Die neuen Bremsbeläge sind laut Bosch auf ein ausgewogenes Verhältnis von Reibwert, Komfort und Verschleißverhalten ausgelegt. Dadurch sollen sie auch bei hoher Beanspruchung eine möglichst konstante Bremsleistung gewährleisten.
Eine speziell angeraute Oberflächenbeschichtung soll zudem die Einfahrzeit verkürzen. Die Beläge greifen dadurch nach Angaben des Zulieferers bereits unmittelbar nach der Montage besser auf der Bremsscheibe und erreichen schneller ihre volle Bremsleistung. Im Lieferumfang ist das für die Montage erforderliche Zubehör wie Klammern, Führungsbleche, Splinte und Stopfen enthalten, was den Betrieben die Arbeit und Beschaffung erleichtert.
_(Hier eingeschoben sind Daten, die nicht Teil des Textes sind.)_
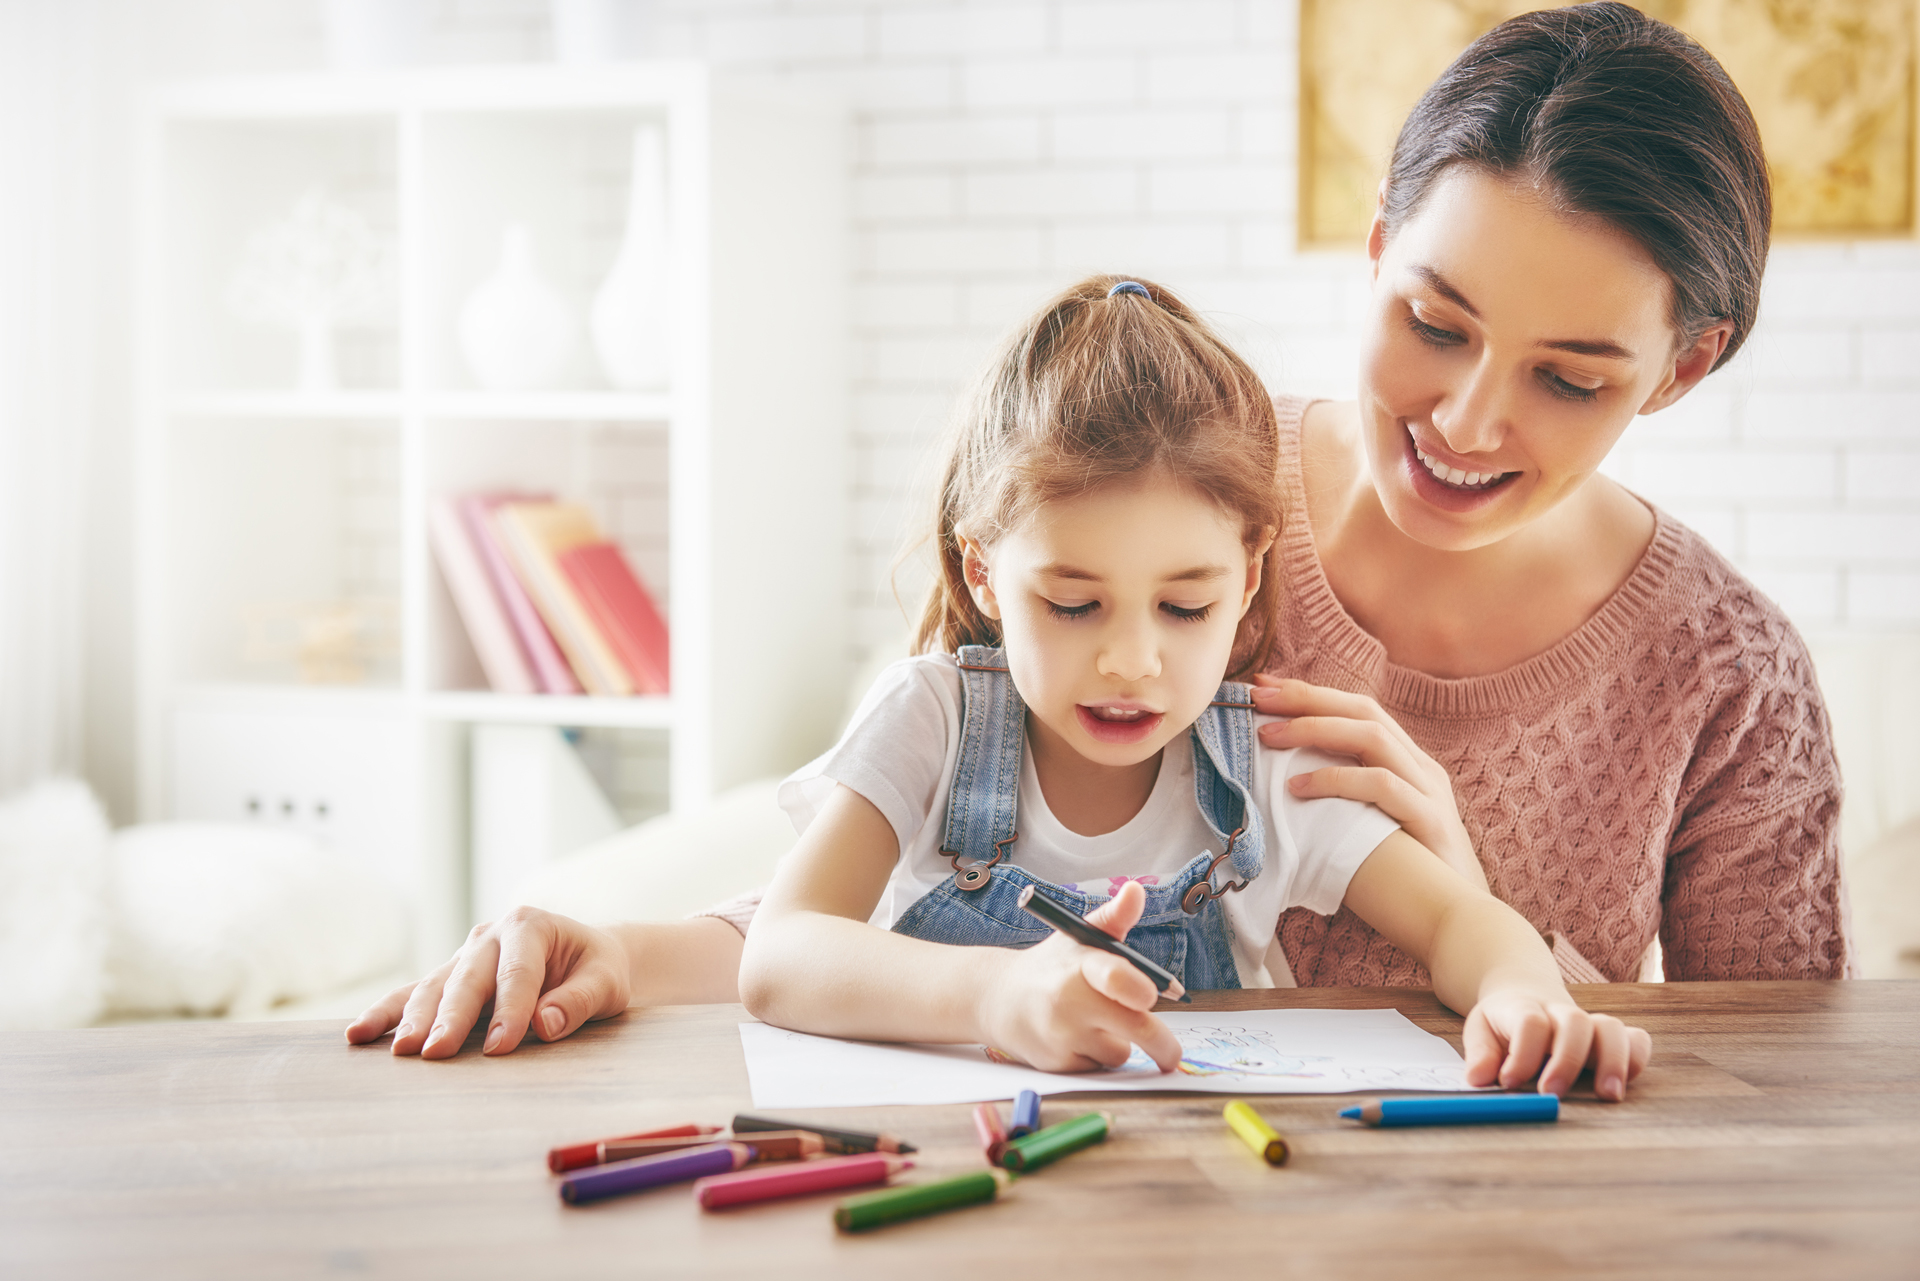 Ebeveynlerin değiştirmeleri gerektikleri 15 davranış #1

Verschleiß der Bremsscheibe um bis zu 25 Prozent reduziert
Bei einem von einem unabhängigen Testinstitut nach ISO 26866 durchgeführten Verschleißtest an einem Mercedes-Benz Actros reduzierten die Bosch-Bremsbeläge den Verschleiß der Bremsscheibe gegenüber den entsprechenden Erstausrüstungsbelägen um bis zu 25 Prozent, wie das Unternehmen angibt. Ein geringerer Scheibenverschleiß kann die Standzeit der Bremsscheiben verlängern und somit die Wartungs- und Ersatzteilkosten im Flottenbetrieb reduzieren.
Bosch prüft eigenen Angaben zufolge die eigenen Bremsbeläge über die gesetzlichen Anforderungen hinaus und lässt sie nach den Normen ISO 26865 und ISO 26866 testen. Dabei werden unter anderem das Einfahr- und Verschleißverhalten sowie die Hitzeempfindlichkeit untersucht. Zum Prüfprogramm gehören außerdem Simulationen von Bergabfahrten.
Das neue Bremsbelagprogramm wird zunächst in Deutschland, Polen, Frankreich und der Türkei eingeführt. Bis Ende 2026 will der Zulieferer das Angebot verdoppeln und damit rund 90 Prozent des europäischen Nutzfahrzeugbestands abdecken. Weitere europäische Märkte sollen schrittweise folgen.